There was no statistically significant difference between MTA Plus, Biodentine, and MTA at all time intervals (24, 48, and 72 h).


   Discussion Top


The most common method for assessing the antimicrobial activity of root-end filling materials is agar diffusion test. However, this method has disadvantages like lack of standardization of inoculums density, adequate culture medium, agar viscosity, etc. [17],[18] In this study, tube dilution method was used to evaluate the antimicrobial efficacy of the materials. It is an efficient method for evaluating as there is a direct contact between the microorganisms and experimental materials which allows a more realistic interaction. [19] Various dilutions of the material are prepared and the concentration at which the material was able to inhibit the growth of microorganism was recorded as the minimal inhibitory concentration (MIC) of the material.

The results of antibacterial efficacy against E. faecalis showed that ProRoot MTA and Biodentine inhibited the growth of majority of strains of E. faecalis; whereas, MTA Plus was not that effective. The MIC at which ProRoot MTA and Biodentine were effective in inhibiting E. faecalis is 5 mg/ml. Whereas, MTA Plus inhibited a few strains at 10 mg/ml. For antifungal efficacy, there was no statistically significant difference between ProRoot MTA, MTA Plus, and Biodentine. The MIC at which ProRoot MTA, MTA Plus, and Biodentine were effective in inhibiting C. albicans is 2.5 mg/ml.

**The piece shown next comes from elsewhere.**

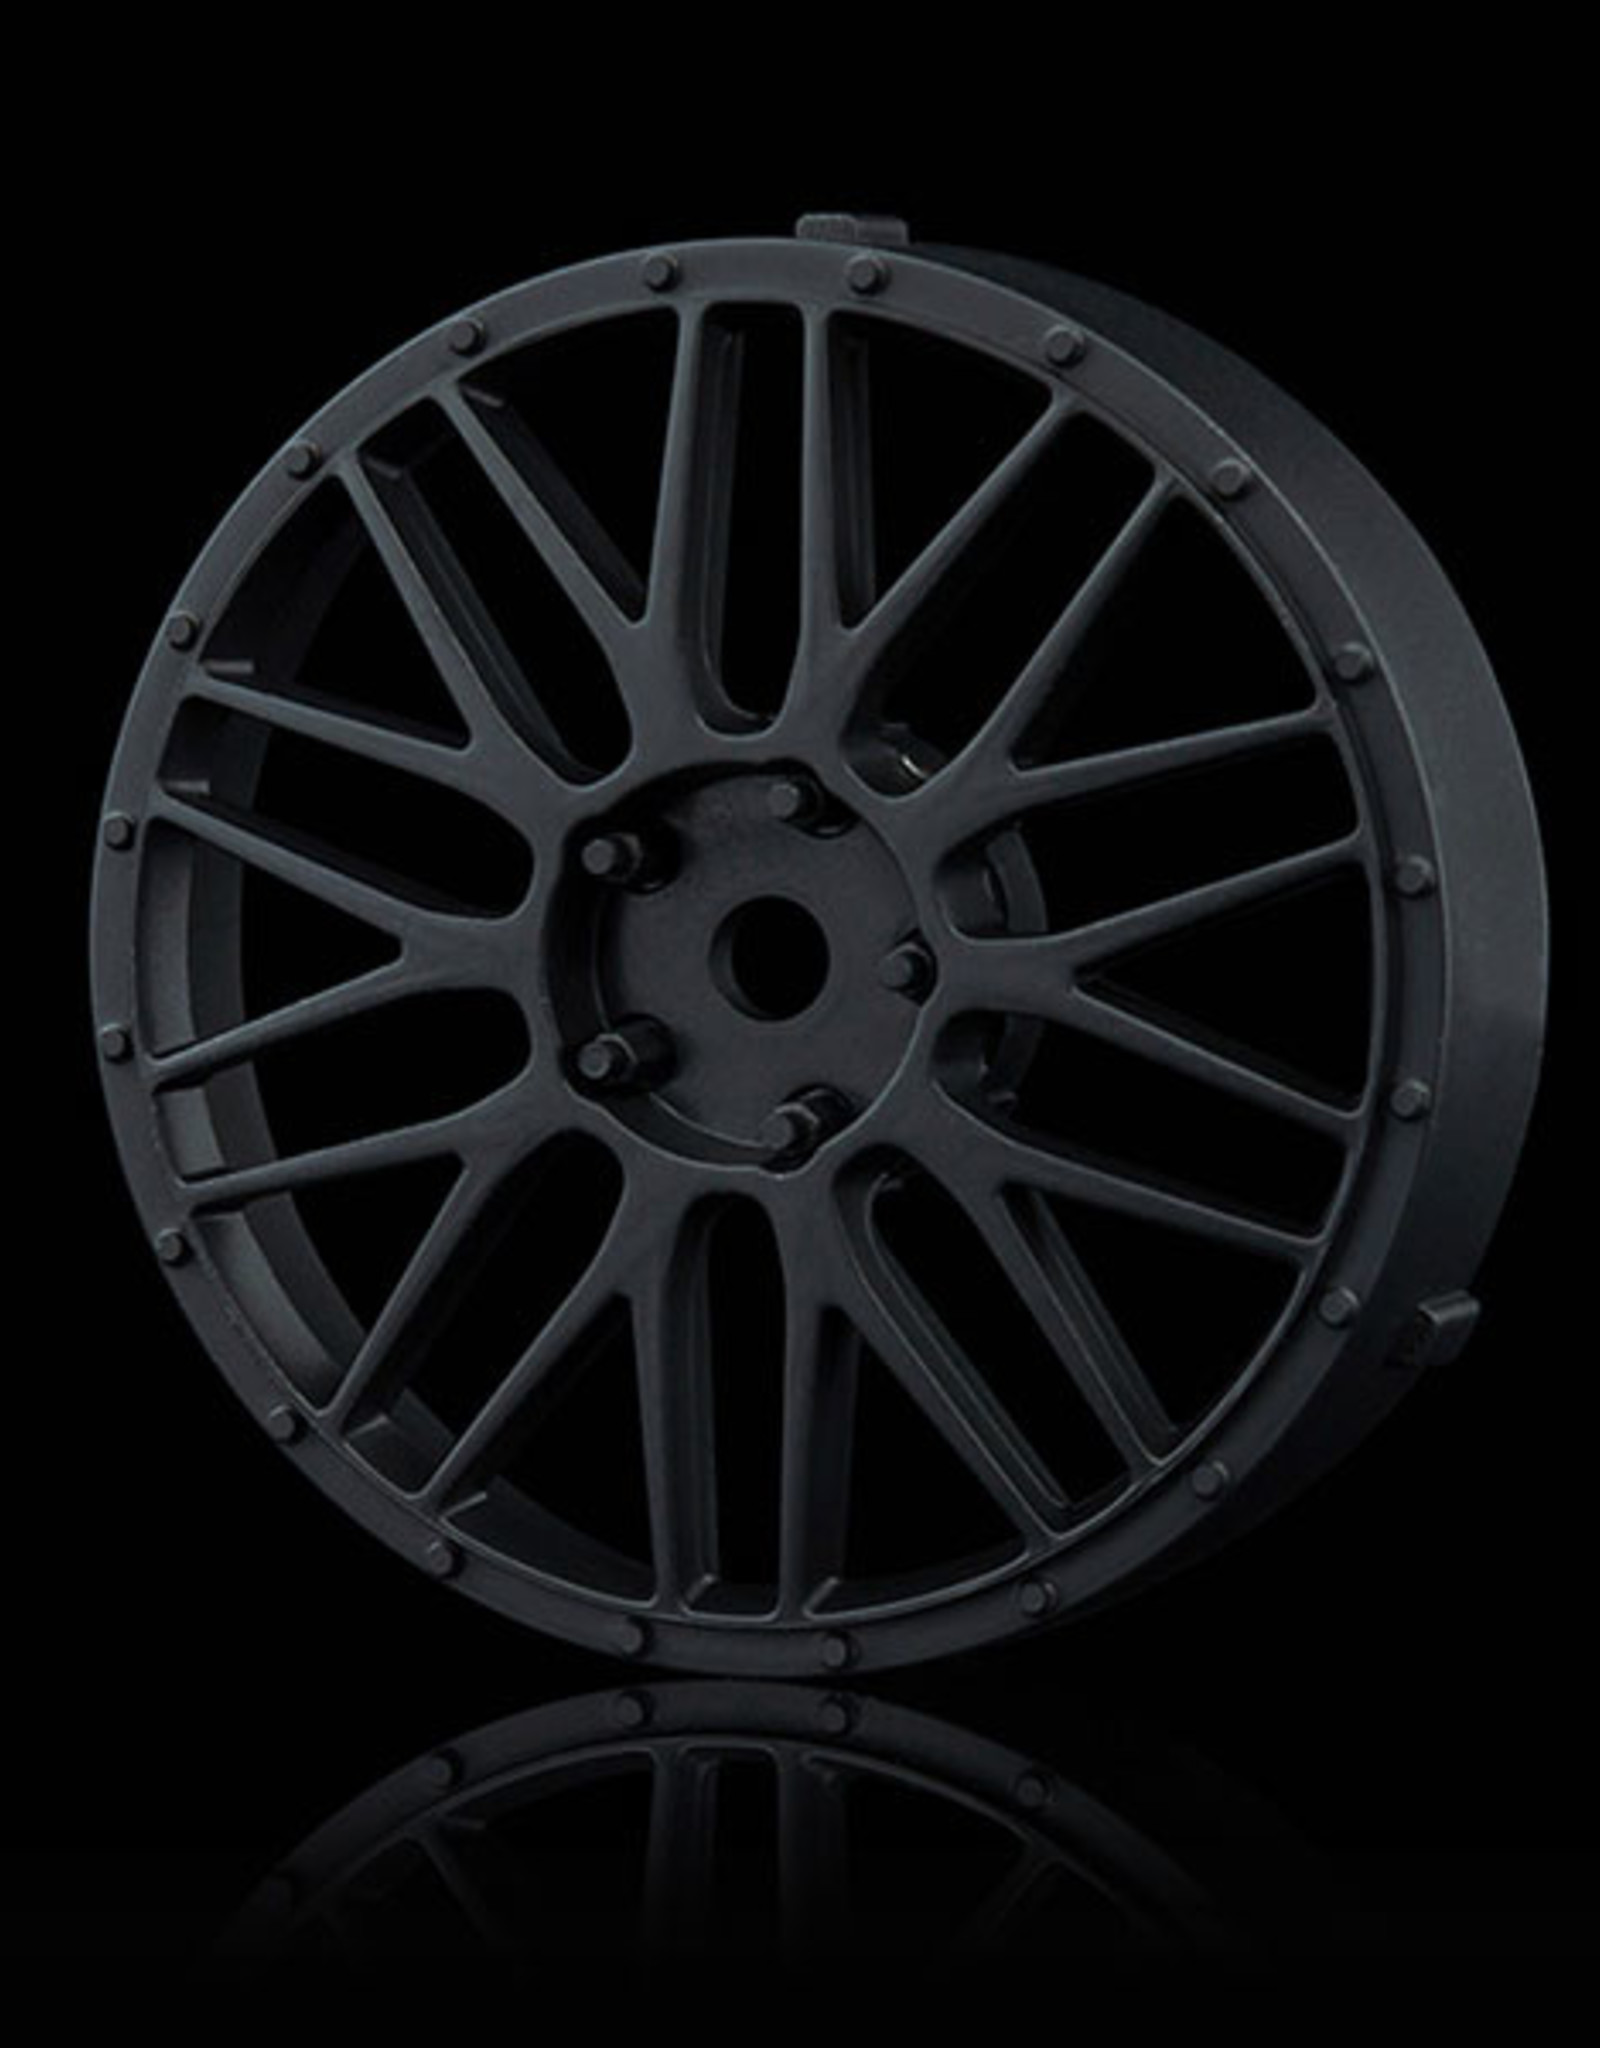 MST LM Changeable Wheel Face (2pcs.) by MST Flat Black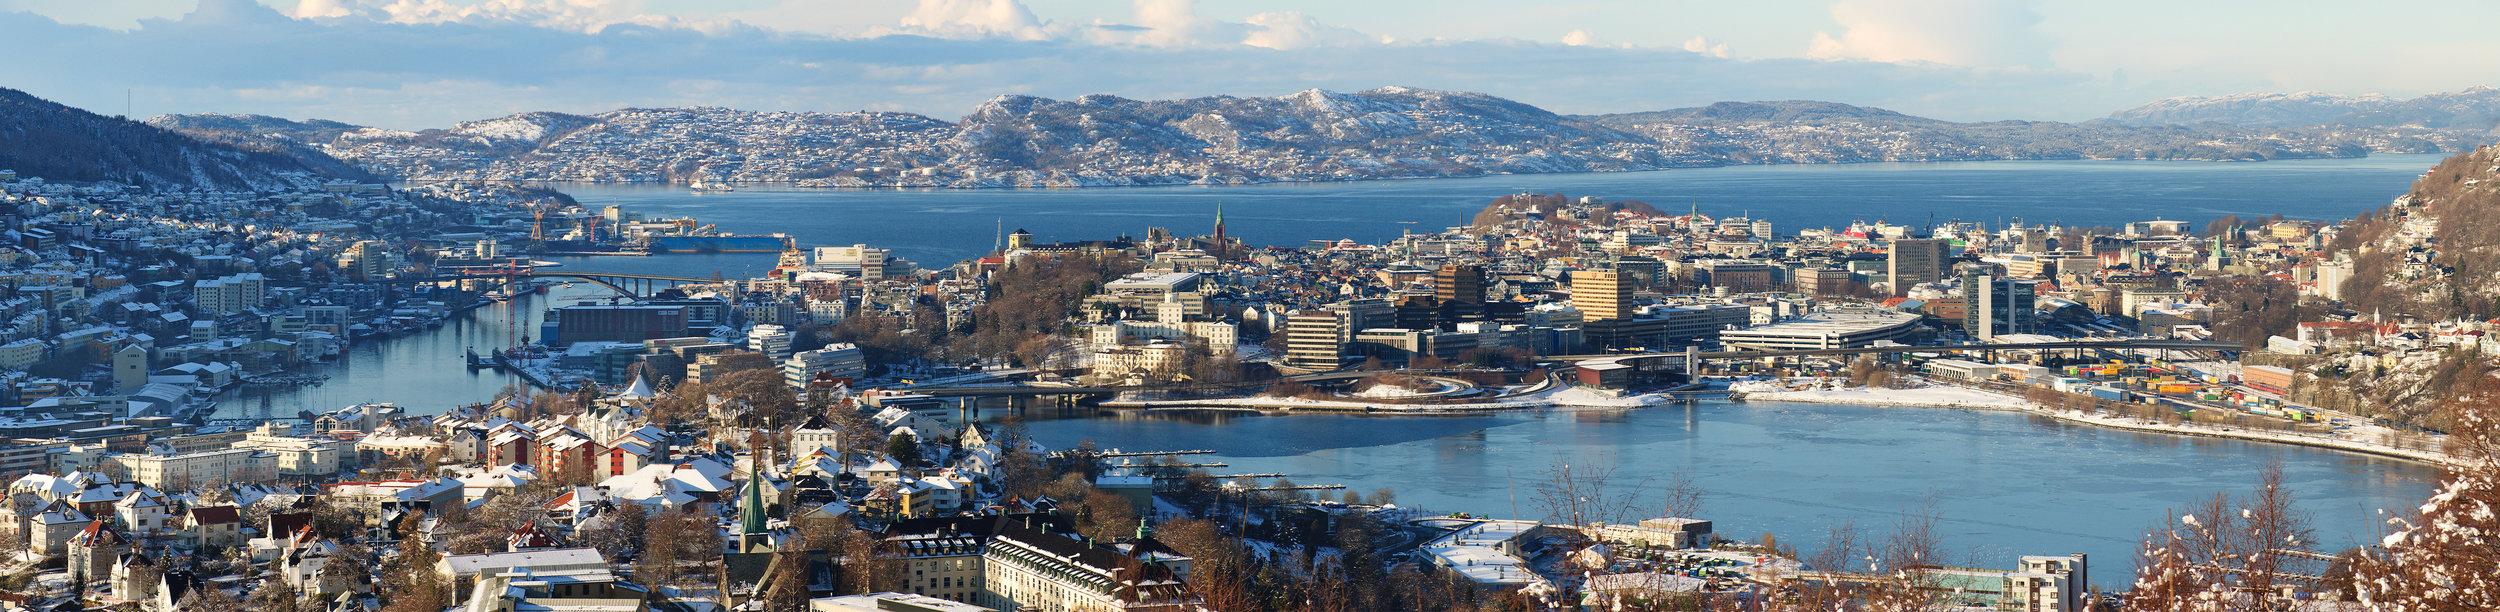 Bergen_city_centre_and_surroundings_Panorama_edited.jpg

The antimicrobial efficacy of ProRoot MTA is due to release of calcium ions and hydroxyl ions which results in increase in pH. [20],[21],[22] This release of calcium is when calcium silicate gets hydrated and calcium hydroxide is released as a byproduct. Also, the dissociation of calcium hydroxide leads to release of calcium ions. The antimicrobial effect of ProRoot MTA against E. faecalis and C. albicans obtained in this study is similar to other studies. [23]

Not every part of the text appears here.